_Instructions to follow_: Below this line are records; transcribe exactly the lines between the one holding "范戴克:荷兰并没什么好机会,我们真得加油了" and the one holding "1 Orchestre de", inclusive, and omit the pictures.

_Exercise data_:
========

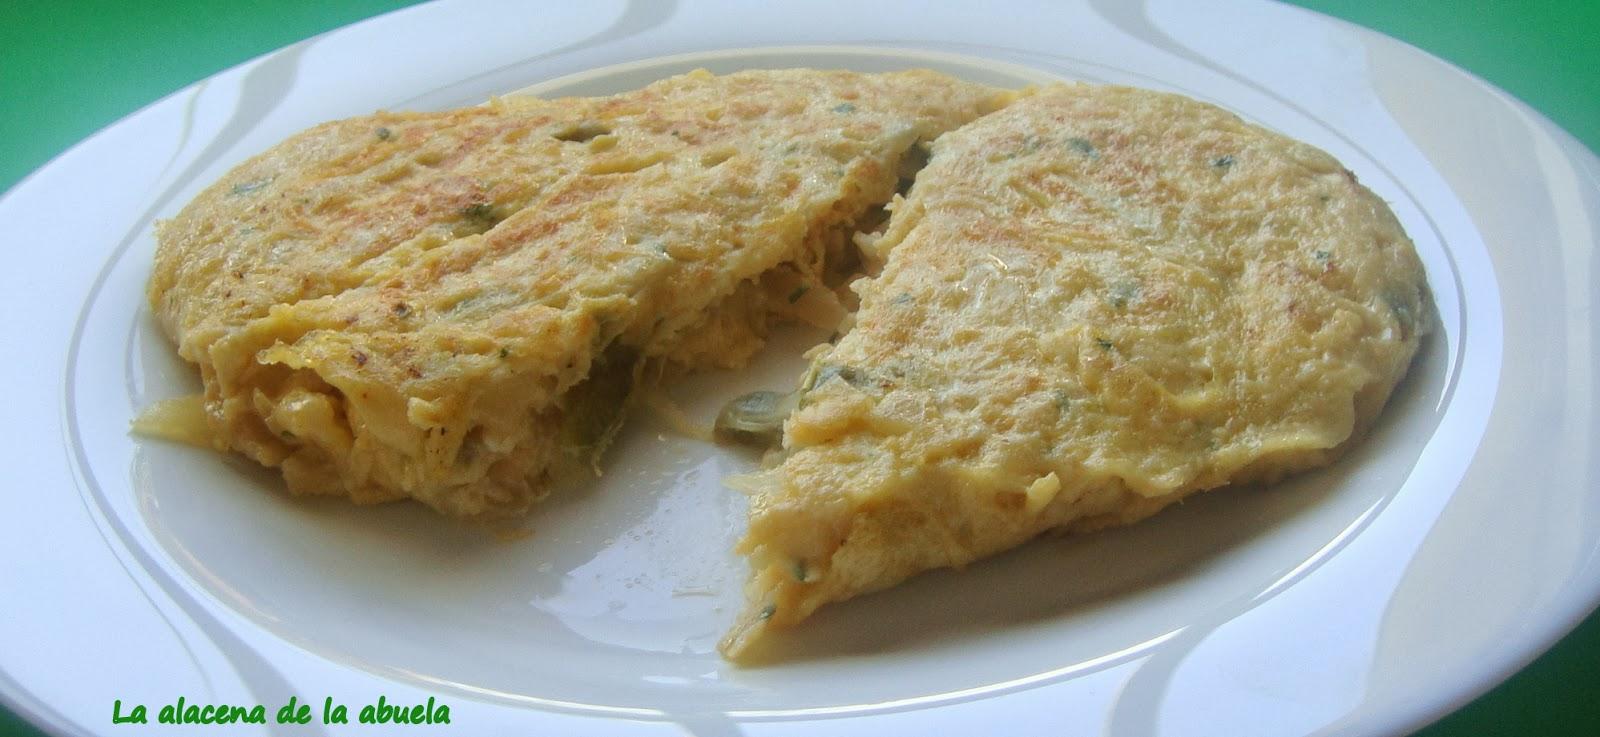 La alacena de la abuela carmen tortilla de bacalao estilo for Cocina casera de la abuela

========

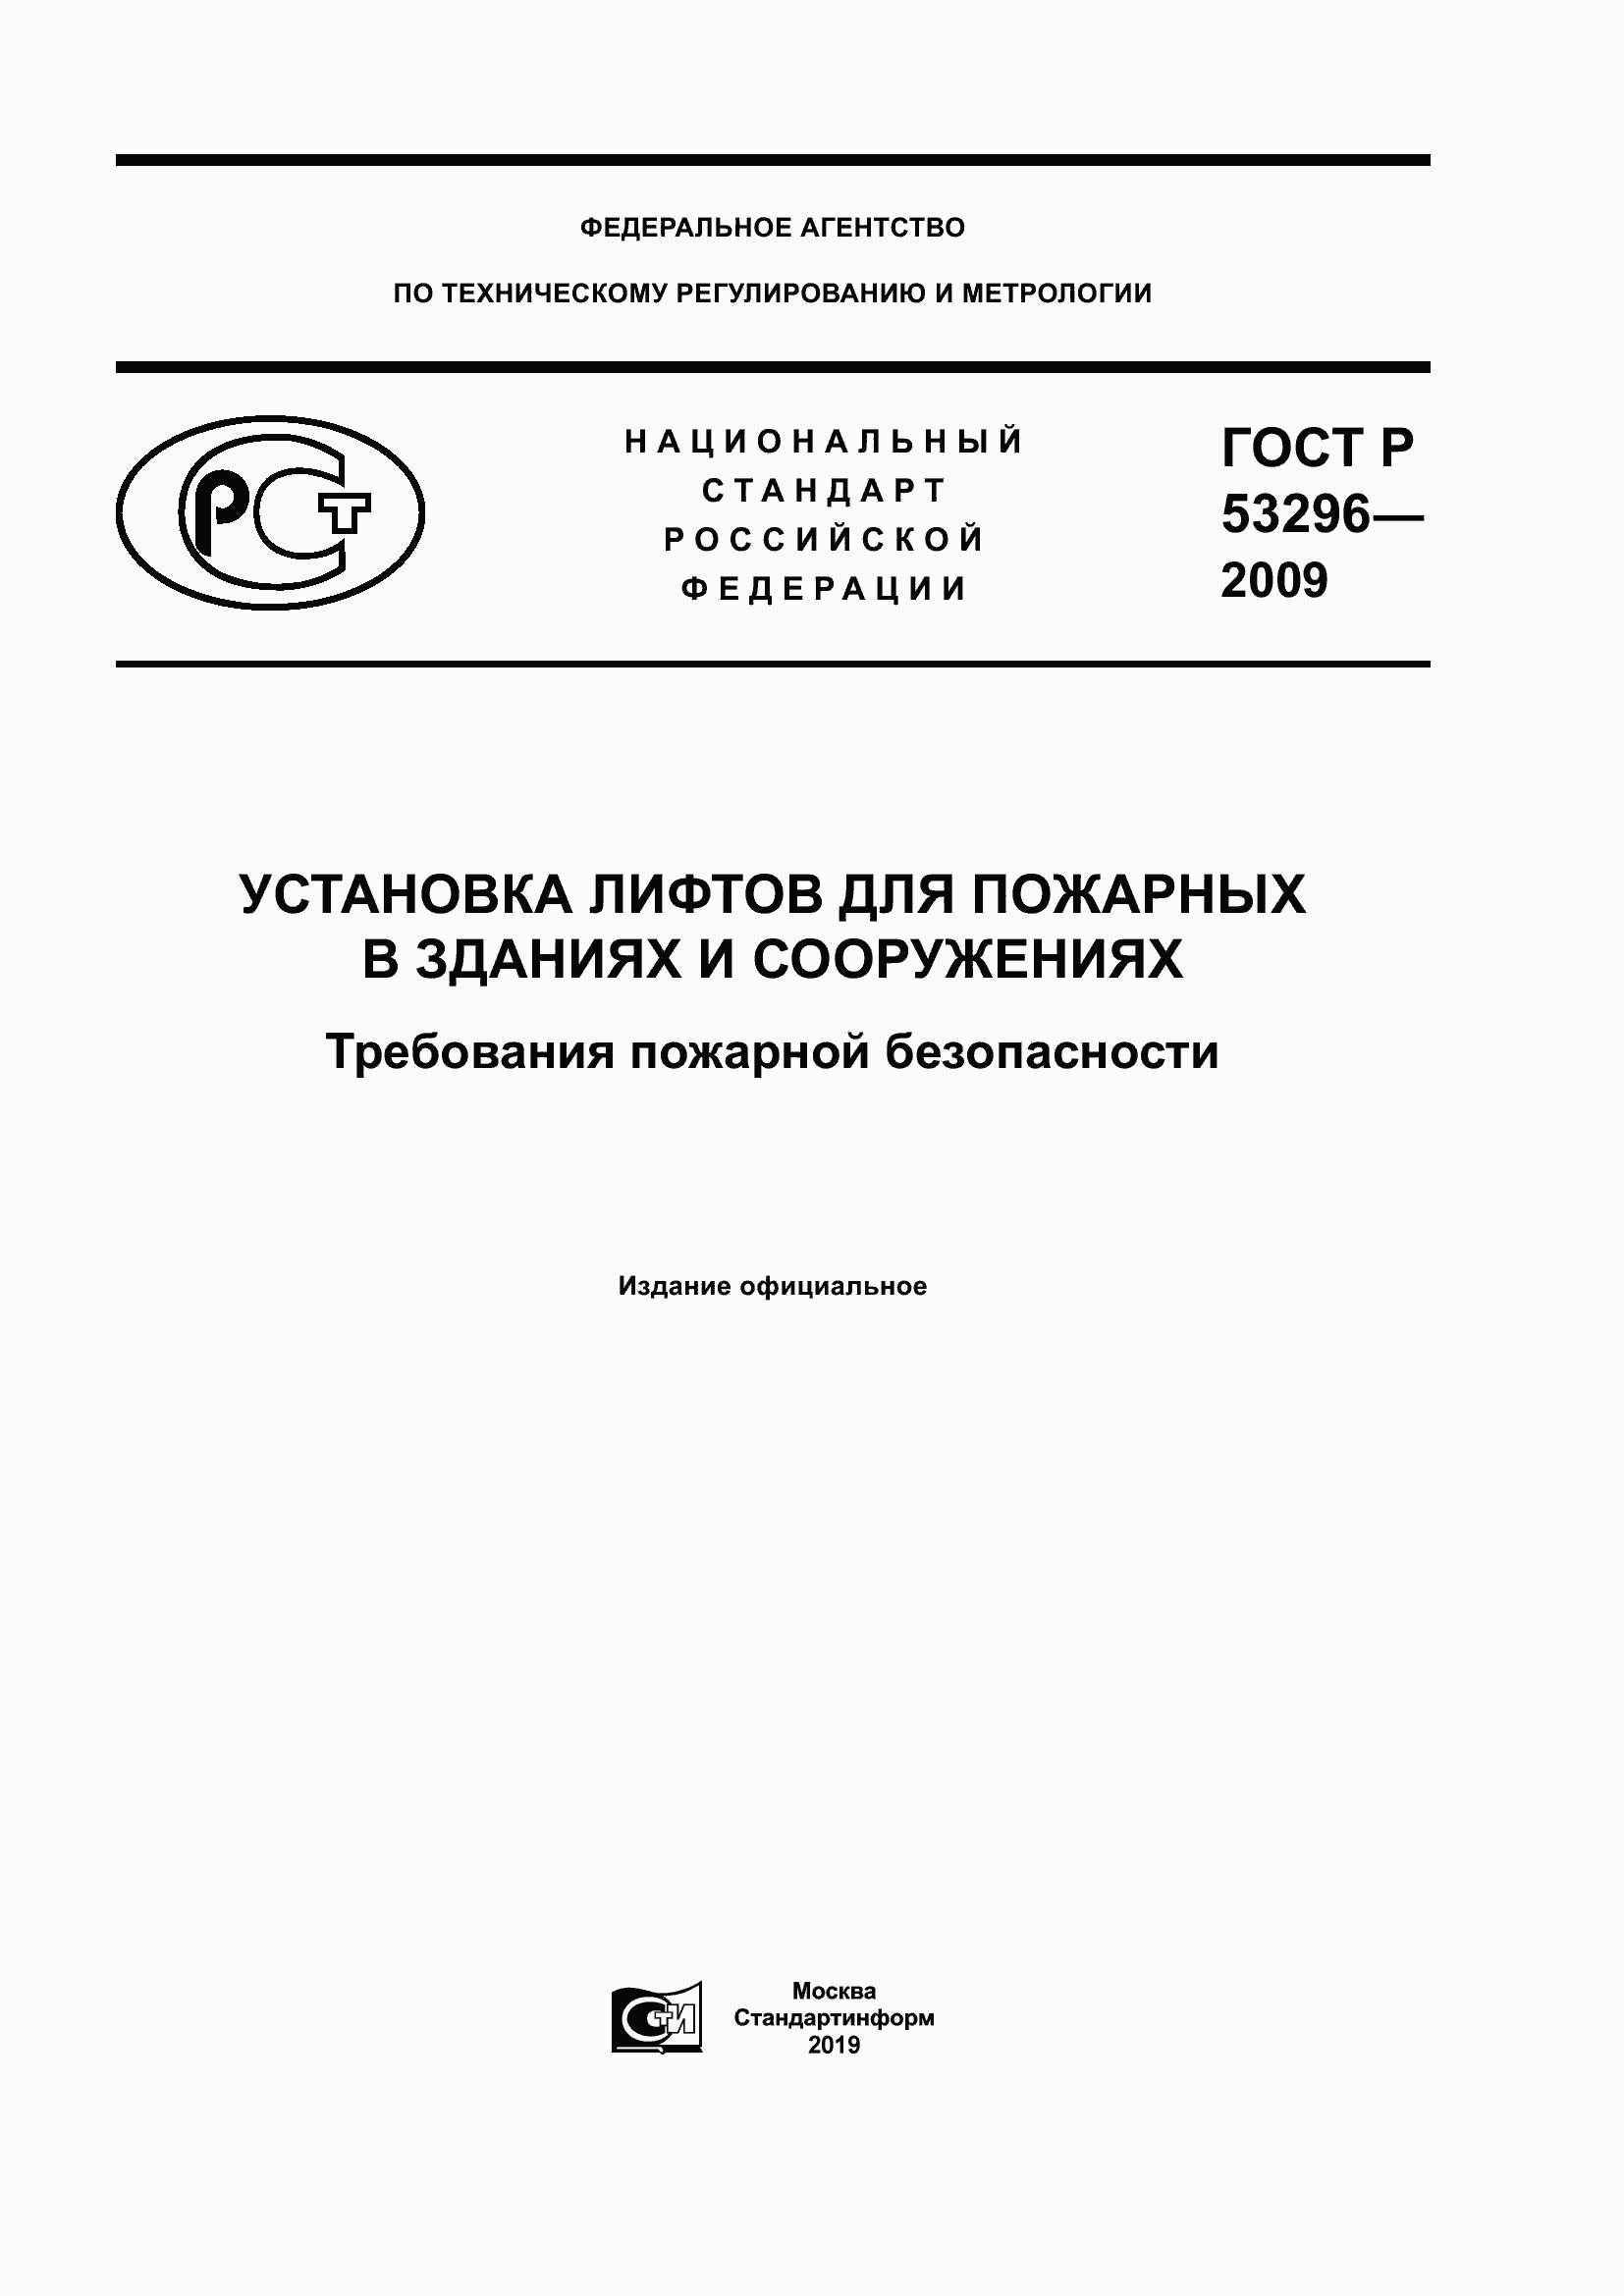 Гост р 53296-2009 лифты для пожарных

========

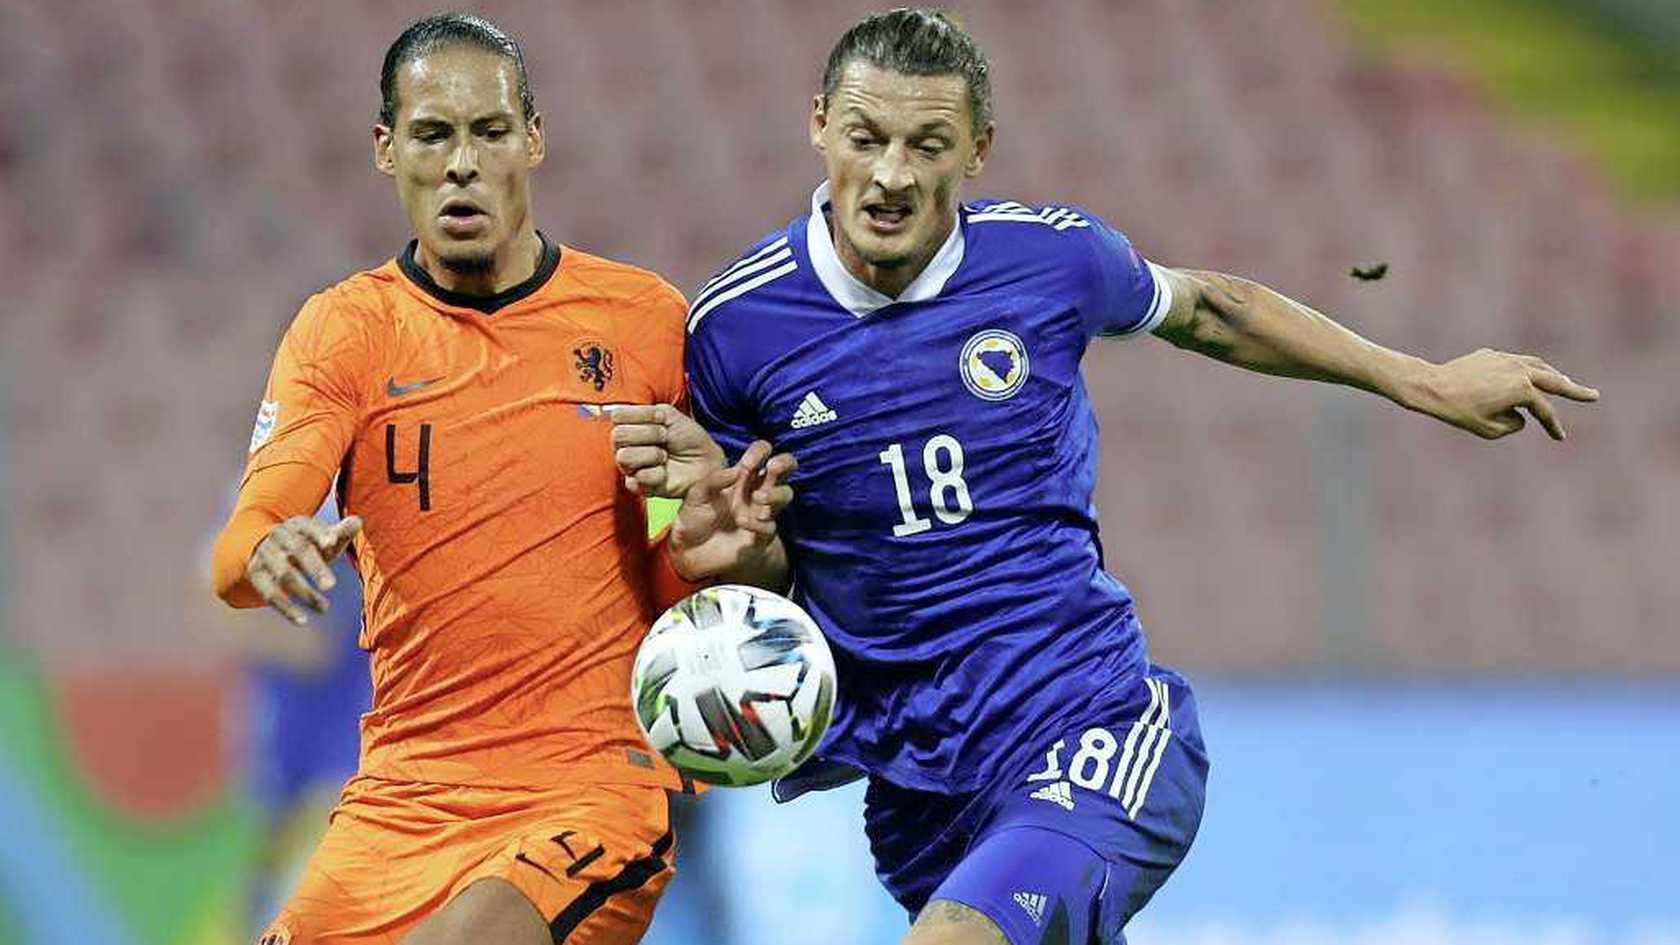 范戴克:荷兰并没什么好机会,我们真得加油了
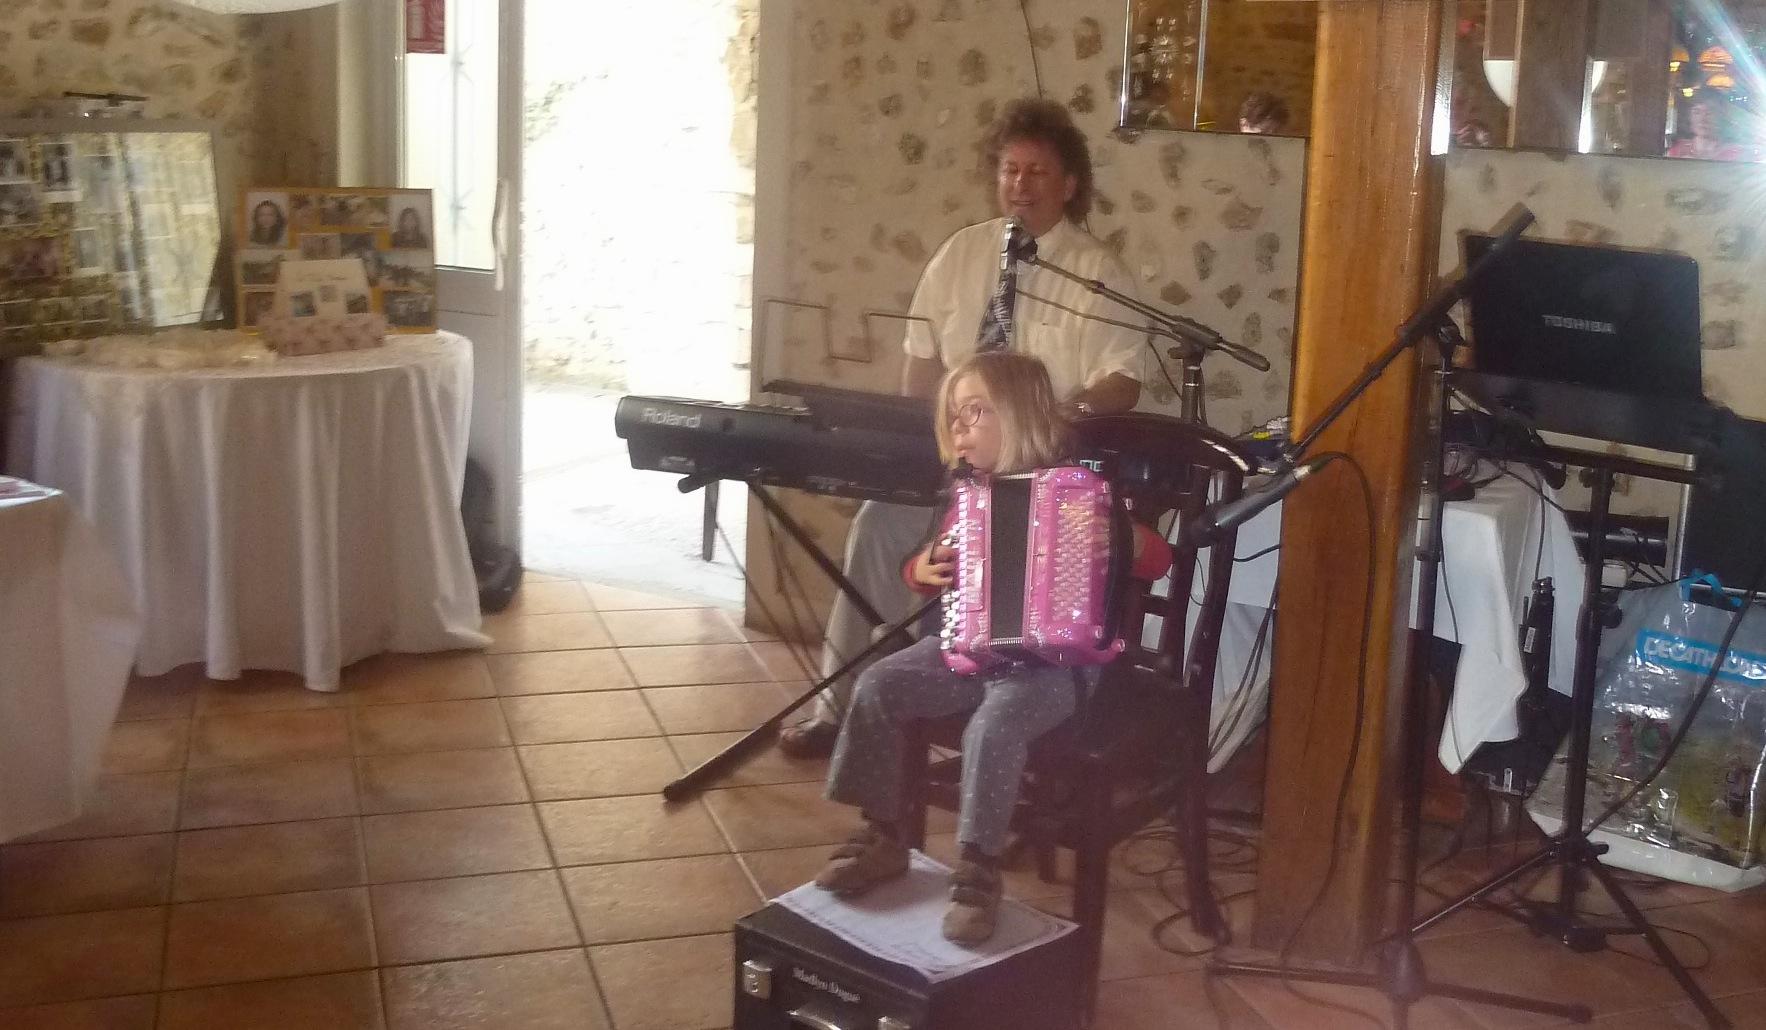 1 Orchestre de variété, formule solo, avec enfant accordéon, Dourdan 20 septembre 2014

========

_Written solution_:
 范戴克:荷兰并没什么好机会,我们真得加油了
 1 Orchestre de variété, formule solo, avec enfant accordéon, Dourdan 20 septembre 2014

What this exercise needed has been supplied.